Continuing with the description of FIG. 7, operation 710 shows sending a virtual hard drive file to the remote computer system, wherein the first process is configured to effectuate a storage service configured to manage virtual hard drives for one or more virtual machines. For example information that represents a virtual hard drive file (VHD file) can be stored in storage and the file can be sent to the remote computer system. In one example embodiment the storage service can be exposed as a storage target similar to that described in U.S. application Ser. No. ______ (Attorney Docket Number MVIR-0581/328024.01) entitled “Virtual Storage Target Offload Techniques.” A VHD file is a virtual machine hard disk and associated metadata that can be encapsulated within a single file in physical storage. In an example embodiment a process running on a computer system that effectuates the virtual machine, e.g., a virtual machine storage service, can parse the file and effectuate a disk that can be exposed to a guest operating system as physical storage. In this example embodiment the remote computer system 502 can receive the VHD file after service 420 is migrated. For example, the VHD file can be sent before service 420 is migrated by tagging the data in the file as copy-on-write. In this instance the data can be copied over when it is needed by service 420. In another example the VHD file can be copied before service 420 is migrated.

Continuing with the description of FIG. 7, operation 712 shows determining that an amount of input/output requests serviced by the remote computer system is greater than a threshold amount. For example, and turning back to FIG. 5, in an example embodiment manager 250 can be executed by a logical processor and determine that computer system 502 is servicing more requests than a threshold amount by, for example, comparing the number of requests it services to a value stored in memory, calculating the ratio of requests computer system 502 services to those serviced by computer system 500 and comparing the ratio to a threshold ratio, or by using any other statistical measure to determine whether a threshold is met. In this example if the number of requests serviced is greater than the threshold amount stored in memory manager 250 can be configured to move the unique identifier and service 420 to a virtual port associated with computer system 502.

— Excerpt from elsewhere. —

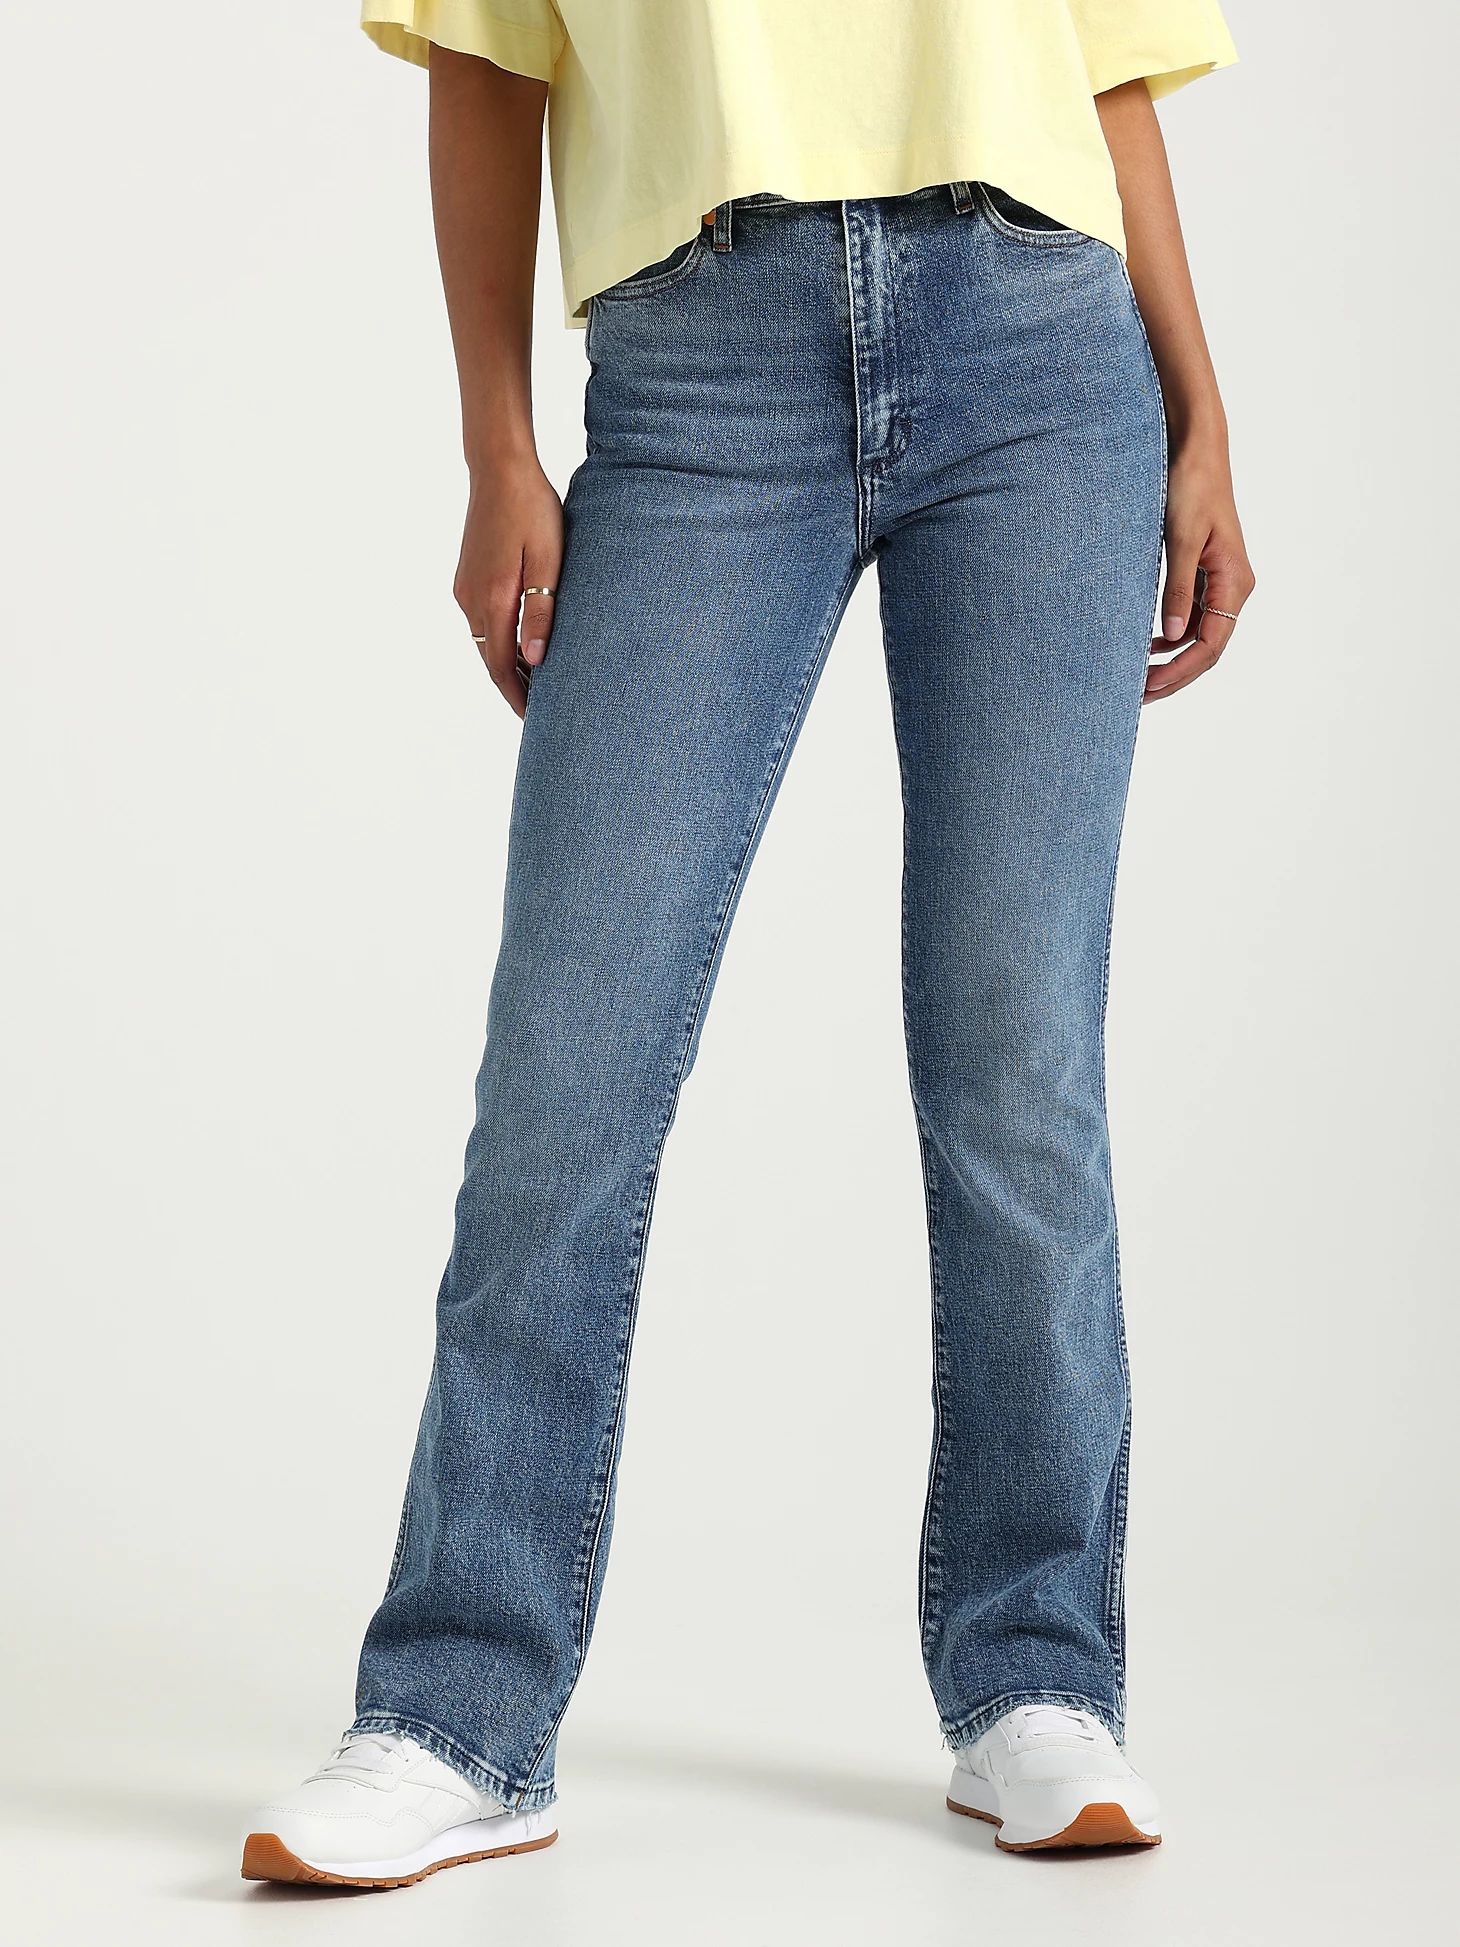 Women's Wrangler® Westward 626 High Rise Bootcut Jean in Forget Me Not | Wrangler

In a specific embodiment the service can be distributed and computer system 500 can act as the interface for the service, e.g., service 420 and service 510 can be one distributed service and service 420 may be the point of interaction. In this example requests received by service 420 may be forwarded to service 510 for processing. In an example embodiment where an amount of requests over a threshold amount are forwarded to computer system 502 manager 250 of either computer system migrate service 420 so that service 420 and 510 are co-located on the same computer system 502. In this specific example the unique identifier for virtual port 404 could be attached to virtual port 514. Thus, when service 522 forwards a request to service 510 for processing its request can be routed internally within adapter 402B instead of going out into the switch 506 reducing the bandwidth used in the switch. In this example the request may be serviced faster because it won't have to be sent to another computer system. In another specific example embodiment, once service 522 is executing on computer system 502 and it receives a request for I/O that would have been previously sent to service 510, it can simply service the I/O request itself since it has access to the resources of computer system 502. In this case service 510 can be shut down if no other computer systems in the network are using it. The selection of either of these options is based on how the service itself is built.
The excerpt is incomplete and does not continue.